*** Opening of Data for this exercise ***

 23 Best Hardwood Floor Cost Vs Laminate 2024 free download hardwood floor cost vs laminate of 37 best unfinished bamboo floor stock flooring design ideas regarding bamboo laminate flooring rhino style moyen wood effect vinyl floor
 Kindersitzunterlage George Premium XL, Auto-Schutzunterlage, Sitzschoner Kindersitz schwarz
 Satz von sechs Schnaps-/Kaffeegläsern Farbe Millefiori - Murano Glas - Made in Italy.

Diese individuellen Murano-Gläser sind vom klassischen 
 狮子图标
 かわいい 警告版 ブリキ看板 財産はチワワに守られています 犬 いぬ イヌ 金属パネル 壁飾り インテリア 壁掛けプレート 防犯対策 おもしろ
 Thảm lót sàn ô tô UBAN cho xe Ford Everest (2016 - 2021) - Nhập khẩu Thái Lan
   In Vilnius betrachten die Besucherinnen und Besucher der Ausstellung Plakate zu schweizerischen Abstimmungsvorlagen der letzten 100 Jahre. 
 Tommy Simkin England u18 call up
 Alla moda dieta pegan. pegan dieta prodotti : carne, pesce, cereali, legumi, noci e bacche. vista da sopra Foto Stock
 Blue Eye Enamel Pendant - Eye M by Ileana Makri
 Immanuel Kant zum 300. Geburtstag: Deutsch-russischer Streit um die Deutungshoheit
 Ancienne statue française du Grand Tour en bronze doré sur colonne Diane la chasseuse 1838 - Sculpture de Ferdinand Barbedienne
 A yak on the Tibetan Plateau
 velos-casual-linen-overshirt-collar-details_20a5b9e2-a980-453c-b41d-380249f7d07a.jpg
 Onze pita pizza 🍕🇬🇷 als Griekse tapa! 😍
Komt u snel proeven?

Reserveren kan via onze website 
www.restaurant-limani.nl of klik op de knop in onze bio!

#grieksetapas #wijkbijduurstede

*** Close of Data for this exercise ***

**About this task**. An exact copy of every record above is required.

**Solution to this exercise**.
 23 Best Hardwood Floor Cost Vs Laminate 2024 free download hardwood floor cost vs laminate of 37 best unfinished bamboo floor stock flooring design ideas regarding bamboo laminate flooring rhino style moyen wood effect vinyl floor
 Kindersitzunterlage George Premium XL, Auto-Schutzunterlage, Sitzschoner Kindersitz schwarz
 Satz von sechs Schnaps-/Kaffeegläsern Farbe Millefiori - Murano Glas - Made in Italy.

Diese individuellen Murano-Gläser sind vom klassischen 
 狮子图标
 かわいい 警告版 ブリキ看板 財産はチワワに守られています 犬 いぬ イヌ 金属パネル 壁飾り インテリア 壁掛けプレート 防犯対策 おもしろ
 Thảm lót sàn ô tô UBAN cho xe Ford Everest (2016 - 2021) - Nhập khẩu Thái Lan
   In Vilnius betrachten die Besucherinnen und Besucher der Ausstellung Plakate zu schweizerischen Abstimmungsvorlagen der letzten 100 Jahre. 
 Tommy Simkin England u18 call up
 Alla moda dieta pegan. pegan dieta prodotti : carne, pesce, cereali, legumi, noci e bacche. vista da sopra Foto Stock
 Blue Eye Enamel Pendant - Eye M by Ileana Makri
 Immanuel Kant zum 300. Geburtstag: Deutsch-russischer Streit um die Deutungshoheit
 Ancienne statue française du Grand Tour en bronze doré sur colonne Diane la chasseuse 1838 - Sculpture de Ferdinand Barbedienne
 A yak on the Tibetan Plateau
 velos-casual-linen-overshirt-collar-details_20a5b9e2-a980-453c-b41d-380249f7d07a.jpg
 Onze pita pizza 🍕🇬🇷 als Griekse tapa! 😍
Komt u snel proeven?

Reserveren kan via onze website 
www.restaurant-limani.nl of klik op de knop in onze bio!

#grieksetapas #wijkbijduurstede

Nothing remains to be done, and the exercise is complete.